Learning Missionary by doing silly things: I have a sleepy-sort based on the docs, where given a collection of delays, (m/sleep delay delay), it should zip the delayed values up into a vector that represents order (using (m/seed (range))) and println the [idx delay] as they arrive , e.g. expected:
(sleepy-sort [200 100 300])
[0 100]
[1 200]
[2 300]
=> [[0 100] [1 200] [2 300]]
But Missionary says "Execution error (ClassCastException) at missionary.impl.Zip/run.
If I take out the m/?> in (let [pair (m/?> ...) I see the correct "delayed behaviour" but with function pairs instead of values, obviously because I'm not doing something like m/? on the zipped flow.
The m/zip makes sense to me: join these two flows via vector, fork via m/?> so it should println whenever a pair is ready.
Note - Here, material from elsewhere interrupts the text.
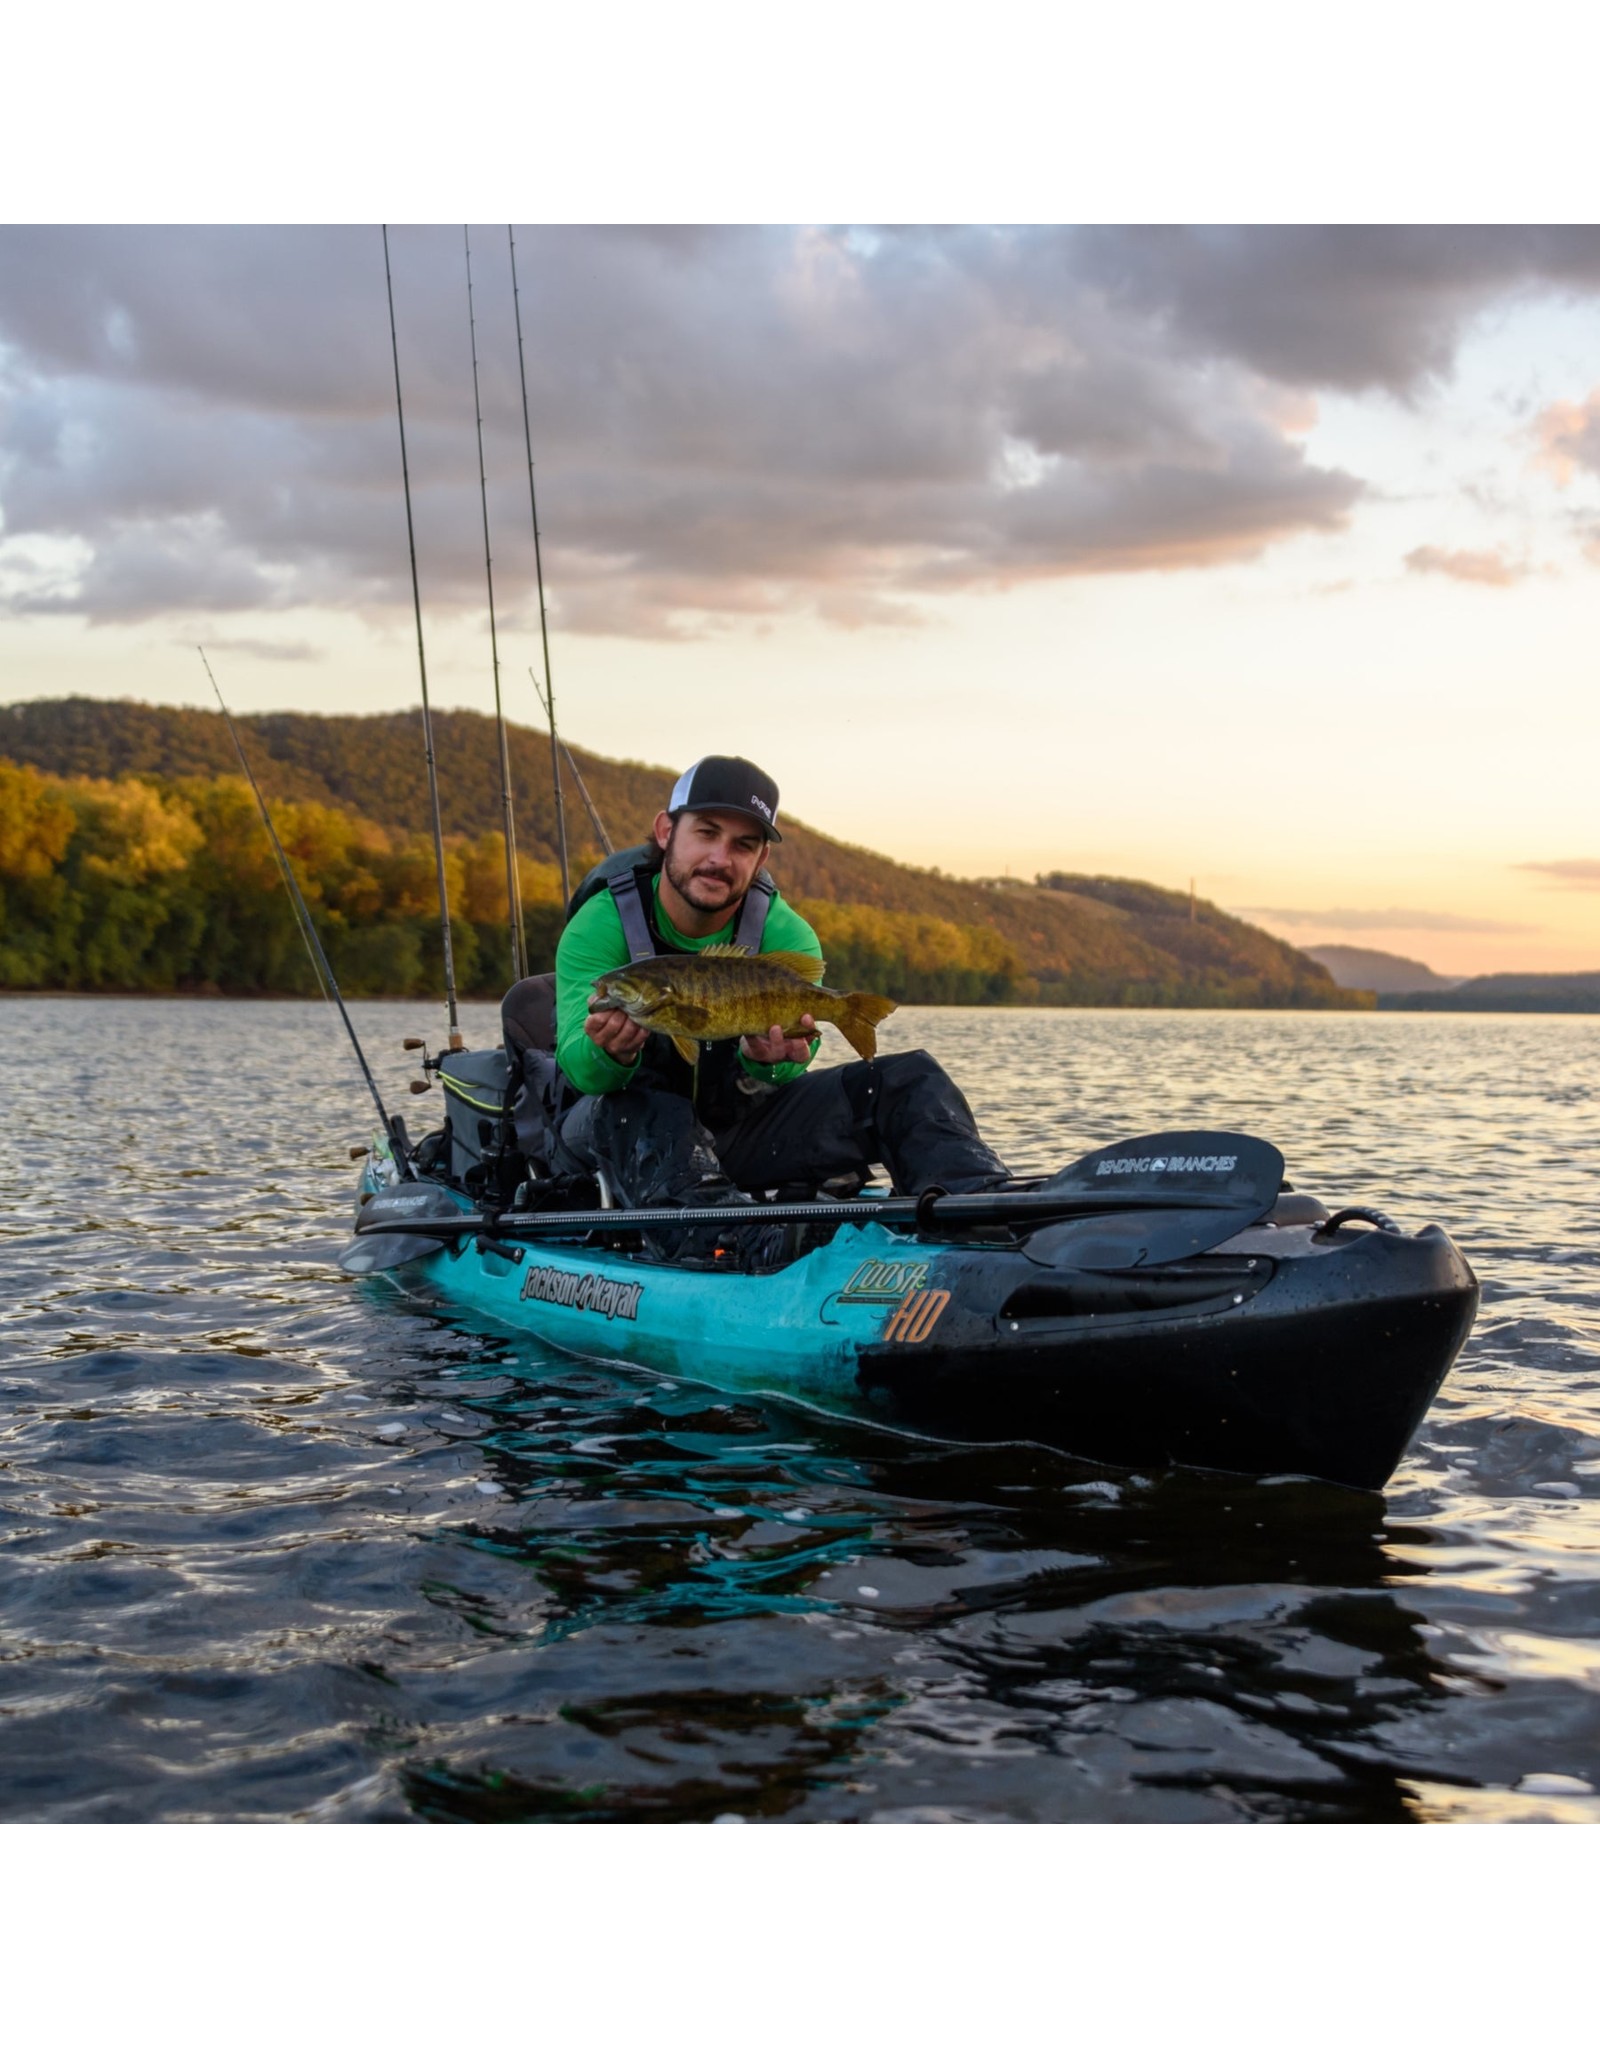 Bending Branches The best overall value in kayak fishing paddles, the Ace combines the weight savings of a carbon shaft with the most durable blades available.  Oversized carbon-reinforced nylon blades provide more power and efficiency for loaded down fishing kayaks 100%

What am I misunderstanding about forking flows?Ok, so this does what I want based on docs:
(->> (m/zip vector
(m/seed (range))
(m/ap (let [n (m/?> ##Inf (m/seed [300 100 200]))]
(m/? (m/sleep n n)))))
(m/reduce (fn [acc e]
(println e)
(conj acc e))
[])
(m/?))
awesome. not sure if putting the println in the m/reduce is the right place tho...it outputs:
[0 100]
[1 200]
[2 300]
=> [[0 100] [1 200] [2 300]]The type mismatch in the first snippet is m/zip expecting a flow as third argument but (let [n (m/?> ##Inf flow)] (m/? (m/sleep n n))) is the type of n i.e. number
second snippet is correct, println is fine here
What's the difference between m/enumerate and m/seed? It seems they both turn a collection into a discrete flow, but not obvious to me from docs when to use which.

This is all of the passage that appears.